A Spire physiotherapist would begin to correct poor posture by assessing the patient’s spinal function, muscle length and tension and monitoring mobility.

After that, they’d move on to motor control and observe how you sit, stand, walk, step up, and then check your strength, keeping a sharp eye out for any imbalance.

Once this groundwork is in place, the Spire physiotherapist would consider options for relieving symptoms, such as massage, acupuncture, mobilisations, as well as prescribe a home exercise programme.

Fixing spinal problems isn’t as easy as attending a few short sessions, and you’ll have to put in the time at home and employ lifestyle habits by adjusting how you sit whilst driving, for example.

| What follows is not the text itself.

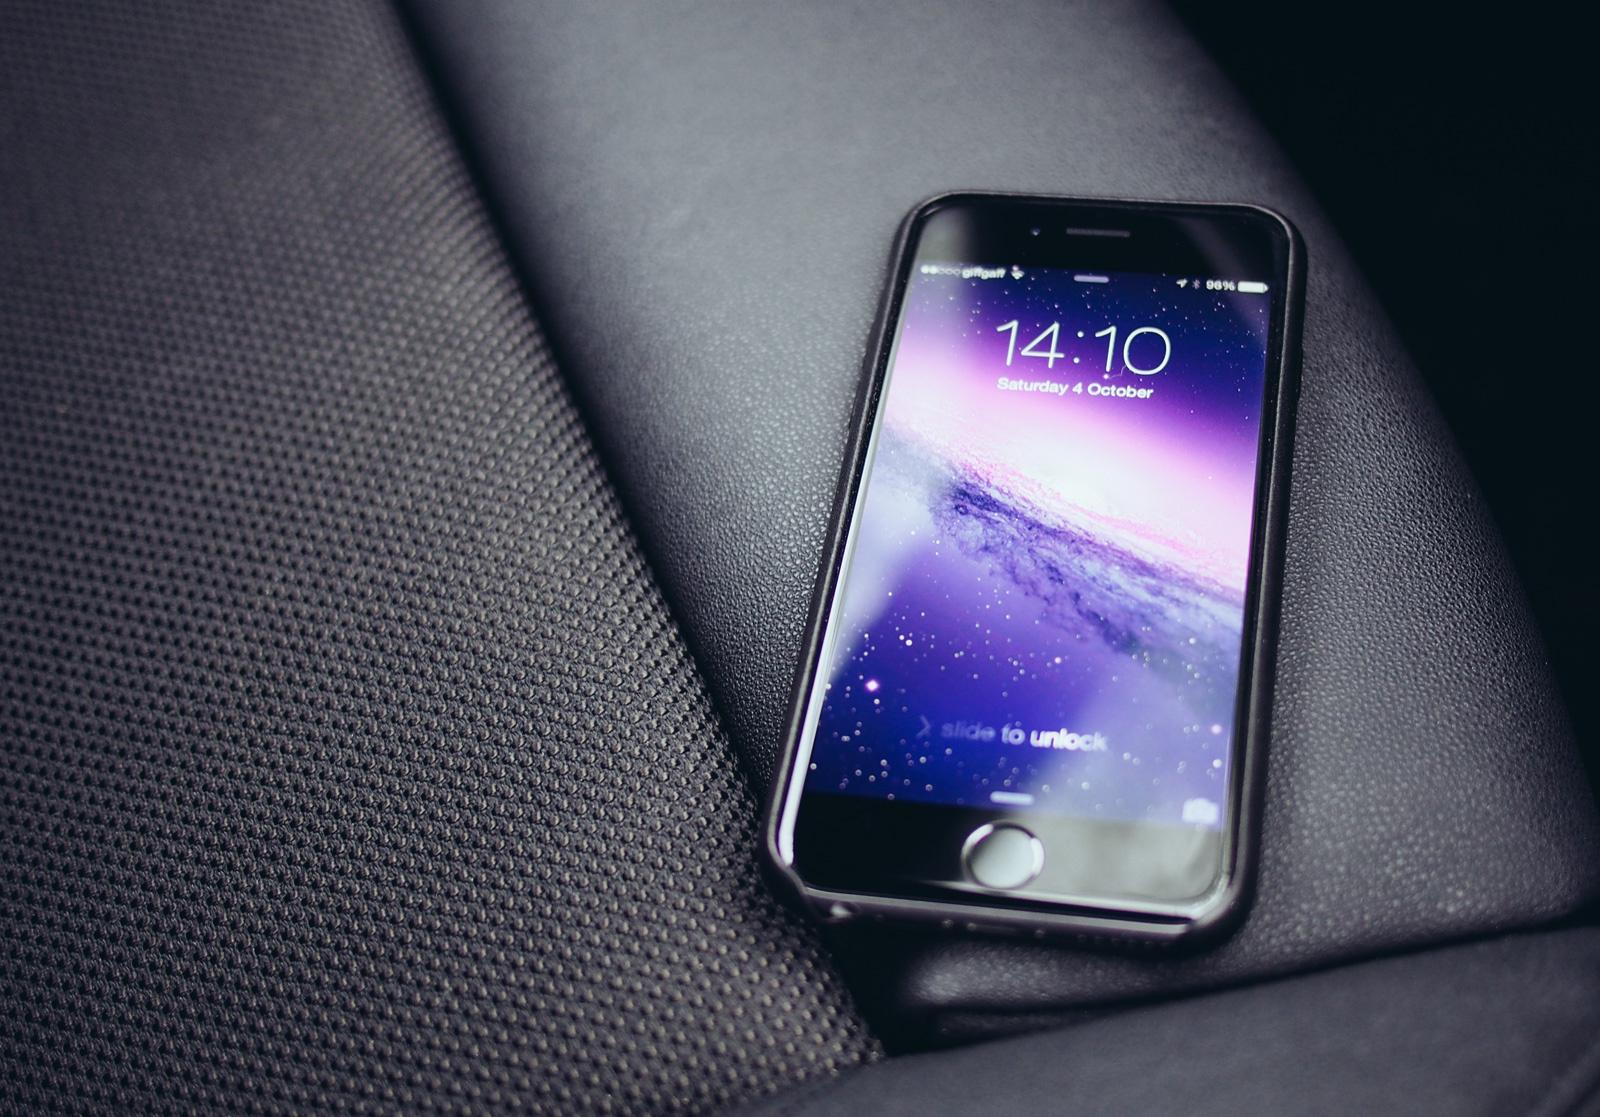 Աշխարհում ամենից շատ վաճառվող սմարթֆոնը iPhone 7-ն է

Many of these measures are employed for muscle stress issues too.


When addressing any breathing issues caused by poor posture, a Spire professional would assess how you breathe, counting breaths per minute in various positions: sitting, standing and lying.

As with the spine, adopting the correct posture is key and over time, the lungs would naturally grow into the extra space and breathing would become more spaced out and even.

It’s a long game too, you probably shouldn’t expect any change for six to eight weeks. However, the team at Spire would be able to make the body consciously competent, typically within six months.

Bad posture doesn't have to cause you pain, thanks to our physio experts.


This one comes down to routine and how you wind down before heading off to bed.

Consider how you would put a toddler to sleep. The key to getting a two-year old off to sleep is try to maintain a regular schedule. Around 6pm, you’d give them a bath. Less than an hour later, you’d snuggle down to read a book. Then by about 7.30pm, you’re tucking them into bed.

You need to adopt a similar approach for yourself, albeit without your phone. If you plan to be asleep by 11pm, professionals advise that you put the phone down for the night by about 7pm. Do everything you need to do before that time and you’ll minimise how much disruption is caused by blue light.


Changes to your everyday lifestyle can mean that many of these problems won’t even develop, and ‘change’ is the key here. If you’re doing one task like being sat at a desk from nine to five, shake things up. Use an eye level monitor if possible and if there’s the option to work standing up, even better.

Rather than sit at your desk during your lunch break, take a brisk walk around the block for 20 minutes. When nature calls, consider using the toilet furthest away from your desk. Being active will go along way to ensuring back problems don’t bother you further down the line.